Oh, bad timing. I just put in a huge order at Parts Express yesterday (over $500 is free shipping) and I could have tacked on a few F-conn connectors for you and relayed shipped them to you priority mail. You are right, it's murder to make small orders from these places. $10 shipping on $10 worth of parts. DOH!!!

I guess that's why all my friends that are in to speaker building and electronics ask whenever I put an order in -- to save on shipping!

And I also agree that the double blind testing is too much now. I just want something that works, is a good value, and that I like. I spent more time in my early 20's trying to tweak my system than actually listening to it! Now I just want to enjoy it.

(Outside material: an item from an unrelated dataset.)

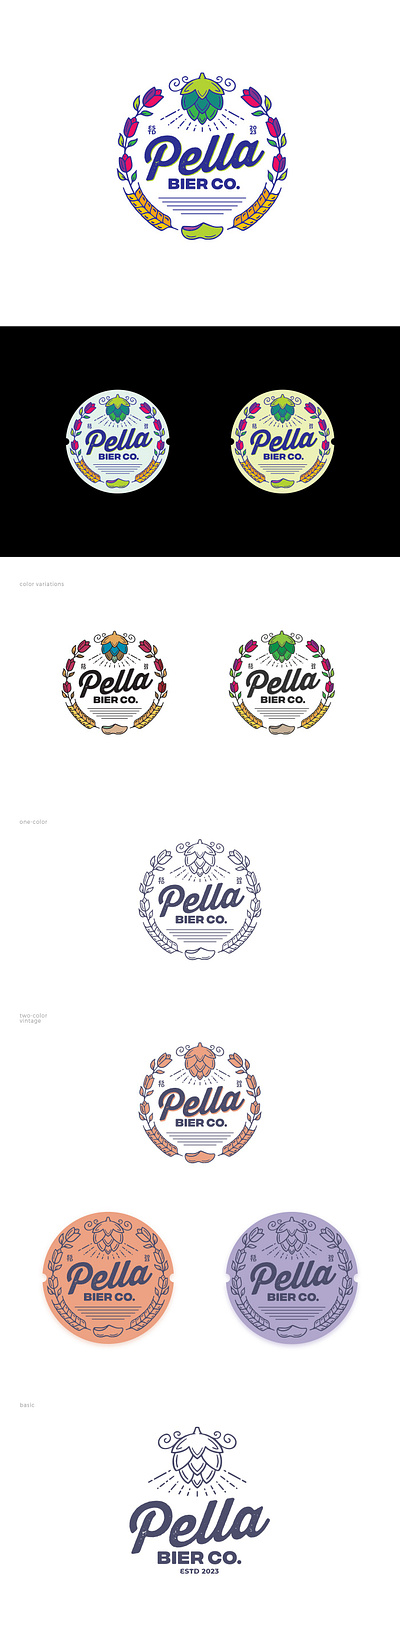 Pella Bier Co. badge beer beverage bier clogs craft hand drawn hops logo pella tulips vintage
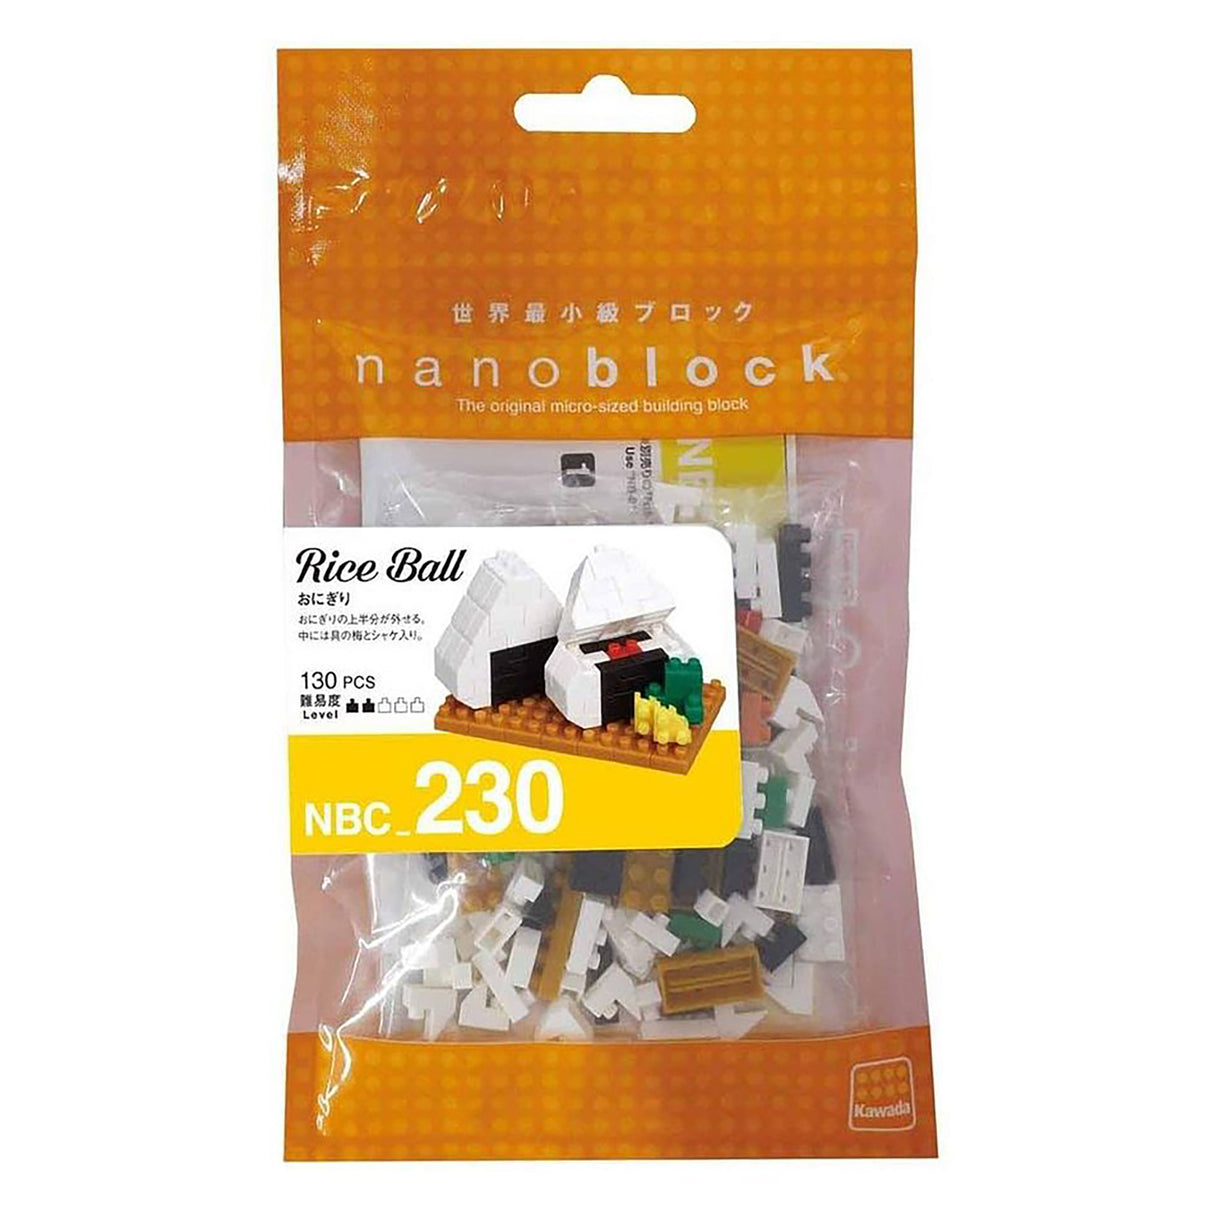 nanoblock Rice Ball Onigiri (130 pieces)

Good luck and let us know how the Liberty stuff measures up.


----------



## MikeSp (Aug 15, 2006)

Anthony said:


> And I also agree that the double blind testing is too much now. I just want something that works, is a good value, and that I like. I spent more time in my early 20's trying to tweak my system than actually listening to it! Now I just want to enjoy it.
> 
> Good luck and let us know how the Liberty stuff measures up.


A BIG AMEN to that testing/tweaking --same here, in my 20's I also spent more time tweaking than listening. Now I want to sit back and enjoy the sights and sounds.

I just ordered a few RCA compression connectors by Liberty, Holland and F-Conn as well as compression speaker wire spades by F-Conn and will see how well that they appear to work. onder:

later,

Mike


----------